Принятый в августе 1862 года новый устав Астрономической обсерватории в Пулкове подтвердил ее статус «центрального учреждения сего рода в Империи». (Вот только смутило меня при чтении то, что по этому уставу, в отличие от первого, обсерватория отходила из ведомства Академии наук в ведомство Министерства народного просвещения. Но потом я разобралась: переход этот оказался повышением. Ведь сама Академия наук в то время подчинялась Министерству народного просвещения, так что тем самым обсерватория ставилась наравне с нею!)

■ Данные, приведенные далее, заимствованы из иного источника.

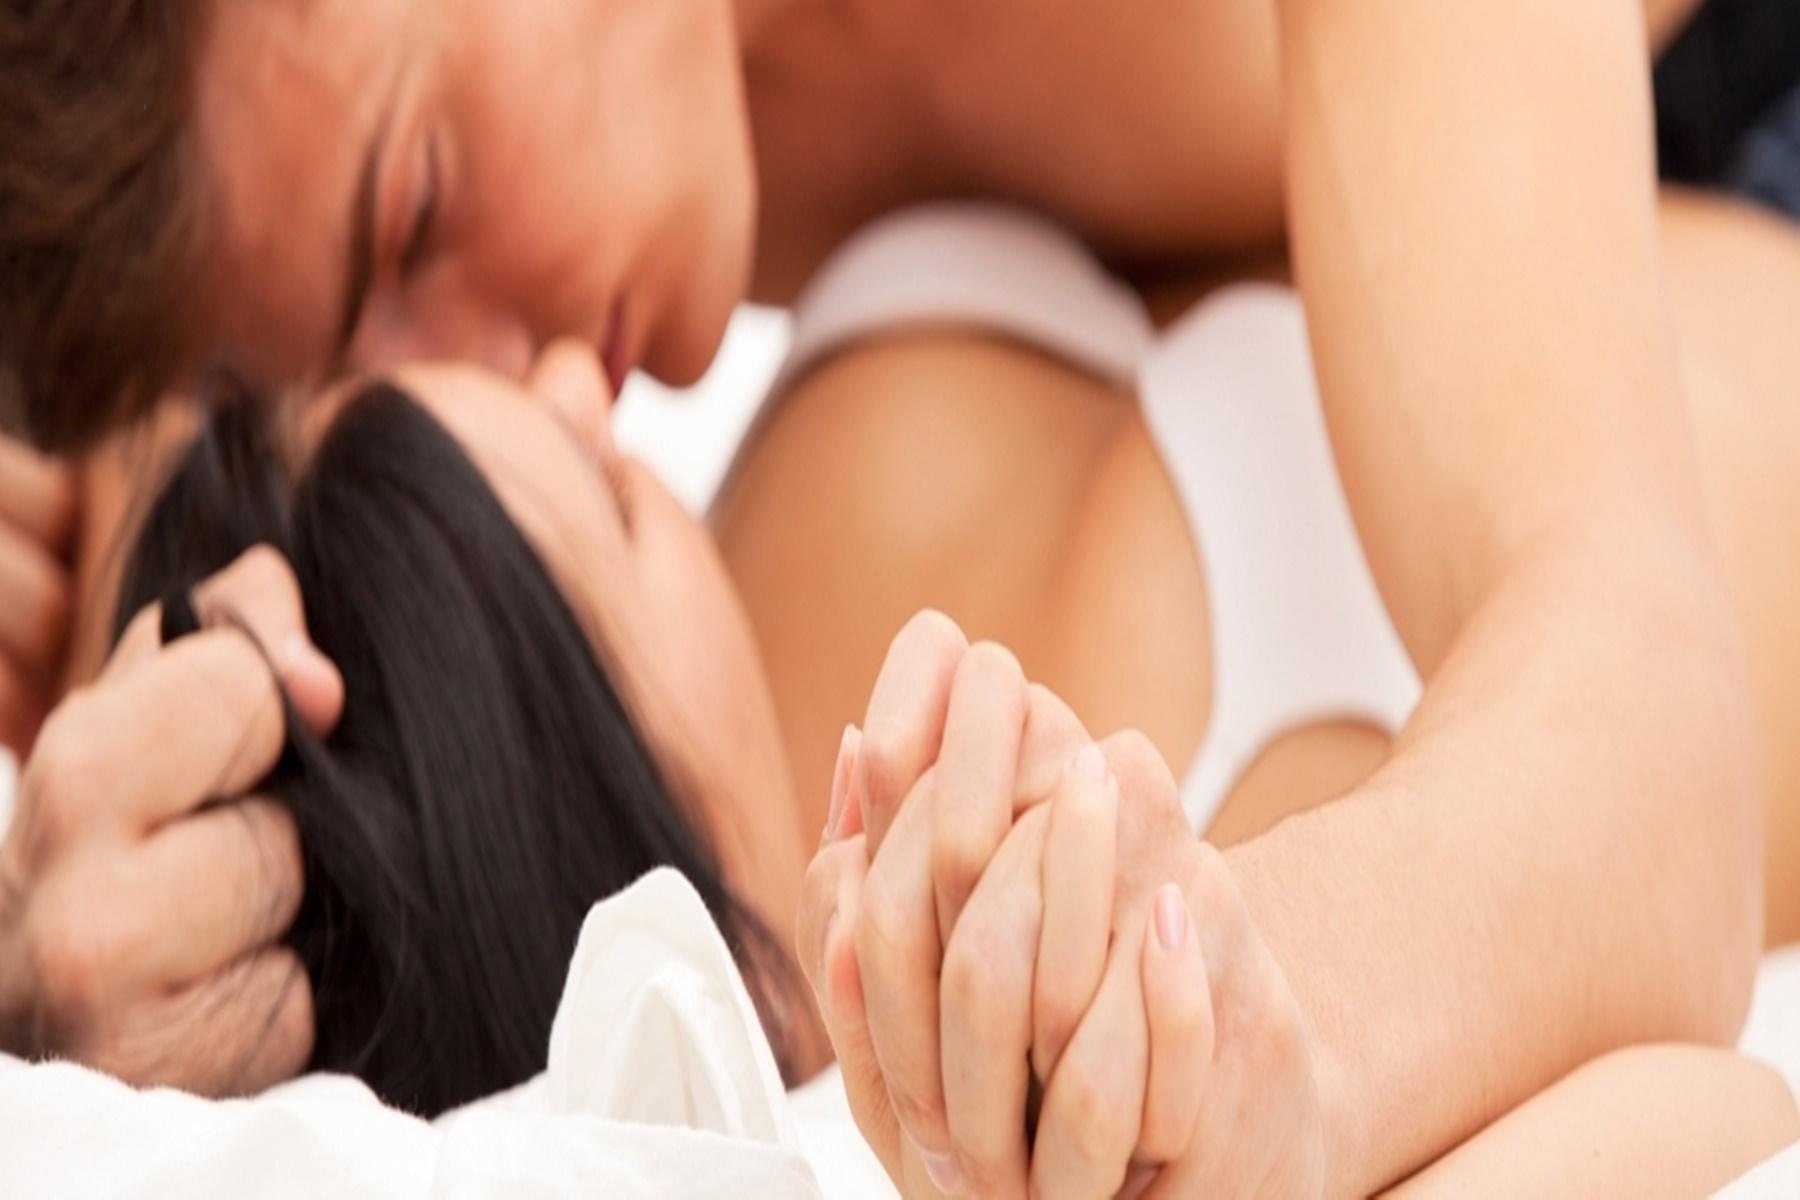 Ηπατίτιδα : Η καλή σεξουαλική ζωή βοηθάει στην θεραπεία της

Тем же уставом был определен новый штат сотрудников. Теперь к директору, четырем астрономам, механику, смотрителю и письмоводителю добавились два астронома-адъюнкта, два вычислителя и врач. Труд и знания специалистов оценены были высоко. Директору положен был годовой оклад жалованья в 2500 рублей серебром плюс 1000 рублей столовых и 600 – на экипаж. Старший астроном получал 1500 рублей жалованья без столовых и 300 на экипаж (все-таки до Петербурга 17 верст). На «научное содержание» обсерватории отпускалось ежегодно 3500 рублей, на библиотеку – 500 и на «ученые путешествия» – 1500.

К началу XX века штат Главной астрономической обсерватории был еще раз увеличен. Здесь стали работать даже две дамы – бывшие слушательницы высших женских курсов – Бестужевских.

…Не один раз в пулковскую обсерваторию (я пишу со строчной буквы привычное нам имя, потому что тогда-то она звалась – Николаевская) приезжал на извозчике со своей аппаратурой фотограф Карл Булла. Ходил, снимал тут в разных уголках: душа-то у Буллы была репортерская. Не тех ли бестужевок, которых разрешили тогда зачислить в штат, видим мы на этом снимке?

Нет площади прекрасней!

«Монферран, вы себя обессмертили!»

«Комиссия для построения Исаакиевского собора вызывает через сие желающих принять на себя свайную бойку под фундамент монумента, сооружаемого в память Императору Александру I…»

Да, в самый разгар и без того хлопотного строительства, означенная комиссия получила, с 1829 года начиная, новую заботу: француз Огюст Монферран, которому судьба назначила стать русским архитектором, приступал к возведению неподалеку от великана-собора исполинской колонны. Высотой она должна была превзойти все подобные ей, известные тогда в мире – и Вандомскую в Париже, и римские колонны Траяна и Антонина, не говоря уж о Помпеевой в Александрии…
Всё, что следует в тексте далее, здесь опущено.